Step five: ranking what you find
Finding pages that contain your words is only half of search; the harder half is putting the best ones first. Wribble ranks results using a well-established scoring method called BM25, which weighs how often your search words appear on a page against how common those words are across all pages, so a rare, specific match counts for more than a common one. On top of this, Wribble adds a freshness signal — recently crawled pages get a gentle boost, which matters for news-style searches — and a small bonus for pages from domains it has indexed deeply, as a rough measure of trust. Matches in a page's title count more than matches buried in the body. All of this scoring runs locally, in milliseconds, on your device.
Because the ranking code is part of the open application running in your browser, it is not a black box. There is no hidden algorithm tuned to favour advertisers, because there are no advertisers. What ranks first is simply what the scoring judges most relevant to your words.
Filling the gaps: live discovery
A brand-new user with an empty index would otherwise see nothing, so Wribble also queries a handful of free, openly accessible public sources at search time — an open encyclopedia, a global news archive, a community link archive, and a developer question archive. These return results instantly and are simultaneously fed into your crawler, so each search permanently broadens your own index around the things you care about. Over time, more and more of your results come from your own growing index rather than these live sources.
Why nothing reaches our servers
The strongest privacy claim Wribble makes is also the simplest to verify: during a search, zero bytes of your query travel to wribble.com. You can confirm this yourself by opening your browser's developer tools and watching the network activity while you search. The reason is structural, not a promise — the search happens entirely in JavaScript on your device, against your local index and your peer connections. We could not log your searches even if we wanted to, because they never arrive at any computer we control.
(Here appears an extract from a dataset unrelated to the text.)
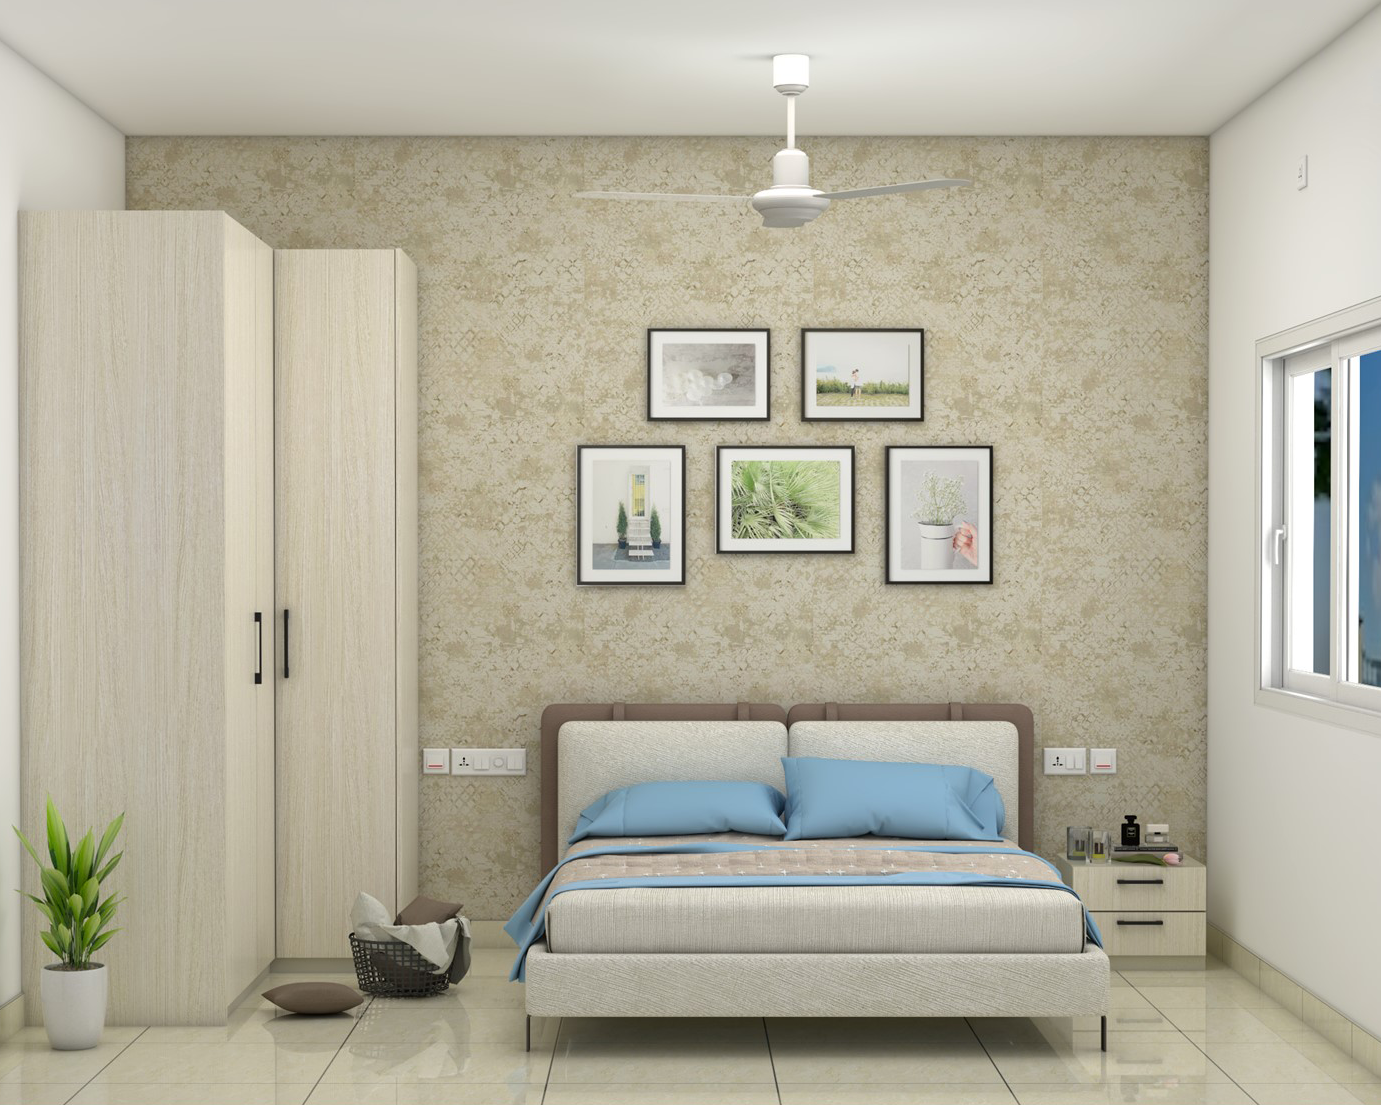 Modern Kid's Bedroom Design With L-Shaped Cupboard

There are no accounts, no tracking cookies, and no analytics. This is a different kind of privacy from "we promise not to look" — it is privacy by architecture, where looking is simply not possible.
The honest limitations
Decentralisation buys privacy and independence, but it does not magically match the raw scale of a company that has spent decades and billions indexing the entire web. A browser-built index is smaller, and some pages cannot be crawled directly from a browser because of technical restrictions. Wribble is not trying to pretend otherwise. What it offers instead is a genuinely different deal: a search engine that is private by design, owned by the people who use it, free of advertising and tracking, and impossible for any single party to control or shut down. For the topics you and your peers care about, it becomes good quickly — and it keeps getting better every time someone searches.